The Tenth Circuit precedent to which Goodspeed directs us does not affect our conclusion. We have already explicitly declined to follow the rulings in that circuit which require a separate good faith instruction despite a clear and accurate instruction on the necessity of finding specific criminal intent. See United States v. Dockray, 943 F.2d 152, 155 (1st Cir. 1991); see also United States v. Young, 955 F.2d 99, 105 (1st Cir. 1992).

Goodspeed also claims that the court committed reversible error by not using an instruction of his which distinguished between civil and criminal liability for breach of fiduciary obligations. Goodspeed proposed the instruction because evidence had been submitted at trial as to what the fiduciary duties of the trustee of an employee benefit plan are. The proposed instruction stated basically that the government had to show beyond a reasonable doubt that Goodspeed had acted with specific criminal intent, and that proving a "negligent or innocent breach" of a fiduciary obligation might result in civil liability, but not criminal liability because the requisite criminal intent would be lacking.

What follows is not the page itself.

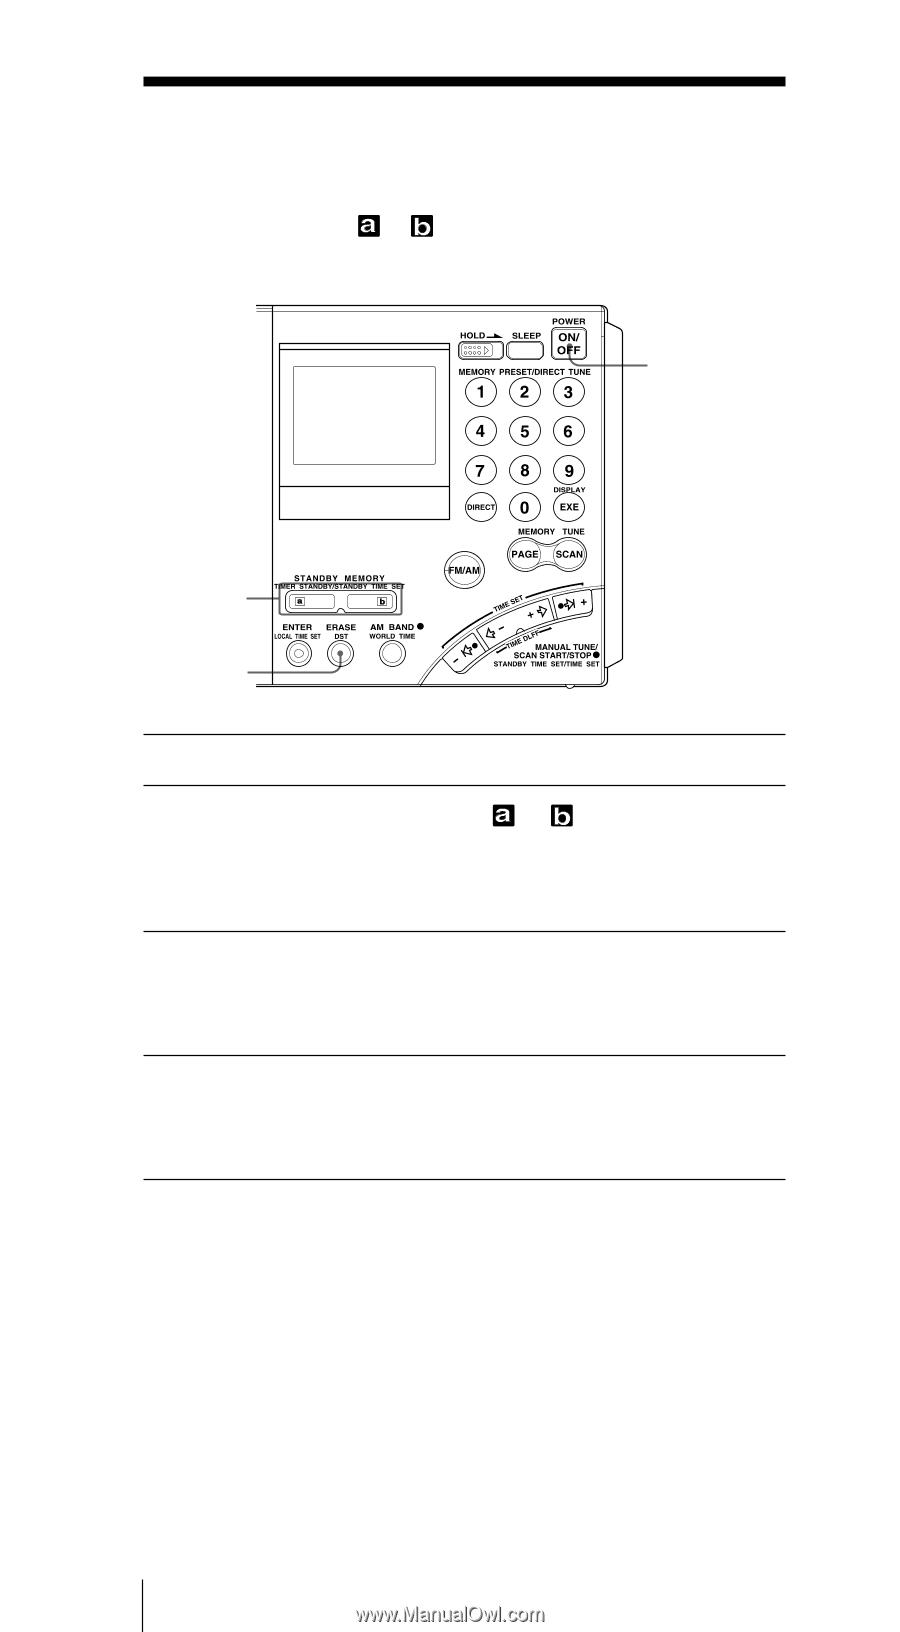 sony icf sw7600gr manual pdf rh sony icf sw7600gr manual pdf thepivotpoint us

The proposed instruction obviously sought to distinguish between a good faith or negligent breach of a fiduciary obligation for which no criminal liability would lie, and the specific criminal intent that would convert such a breach into a criminal offense. The emphasized passages from the court's charge to the jury, quoted above, show that this distinction was substantially covered in the actual charge. Accordingly, the court did not err in declining to give Goodspeed's instruction. See McGill, supra; Gibson, supra; cf. United States v. Snyder, 668 F.2d 686, 690-91 (2d Cir.) (The appellant claimed that his conviction under 18 U.S.C. § 664 should be reversed since the judge referred in his charge to ERISA fiduciary standards, but the court rejected that contention because the judge had otherwise made clear in his charge that the jury had to be convinced beyond a reasonable doubt that the appellant knew that he was not entitled to the funds he received, or that he did not have a good faith belief that the payments from the plan were authorized in order to convict the appellant), cert. denied, 458 U.S. 1111 (1982).

The court enhanced Goodspeed's base offense level for obstruction of justice under Section 3C1.1 of the U.S. Sentencing Guidelines. The commentary to that section provides for an enhancement for "attempting to produce an altered, forged or counterfeit document on record" at trial. See U.S.S.G. Manual (1989), application note 1(c). The evidence presented at trial adequately supported the court's enhancement, and so we affirm. See United States v. Veilleux, 949 F.2d 522, 526 (1st Cir. 1991) (for obstructive conduct clearly covered by language in Section 3C1.1 commentary, the standard of review is "clearly erroneous").

Goodspeed's reliance on application note 2 to Section 3C1.1 is misplaced. The court stated explicitly at sentencing that the evidence was "clear" that Goodspeed had willfully obstructed justice. Application note 2, which requires the court to evaluate Goodspeed's testimony and statements "in a light most favorable to the defendant," applies only to "conflicts about which the judge, after weighing the evidence, has no firm conviction." S ee United States v. Batista-Polanco, 927 F.2d 14, 22 (1st Cir. 1991) (citation omitted).


We hereby grant the government's motion to dispense with oral argument pursuant to Rule 34 of the Federal Rules of Appellate Procedure.

The judgment of the district court is affirmed.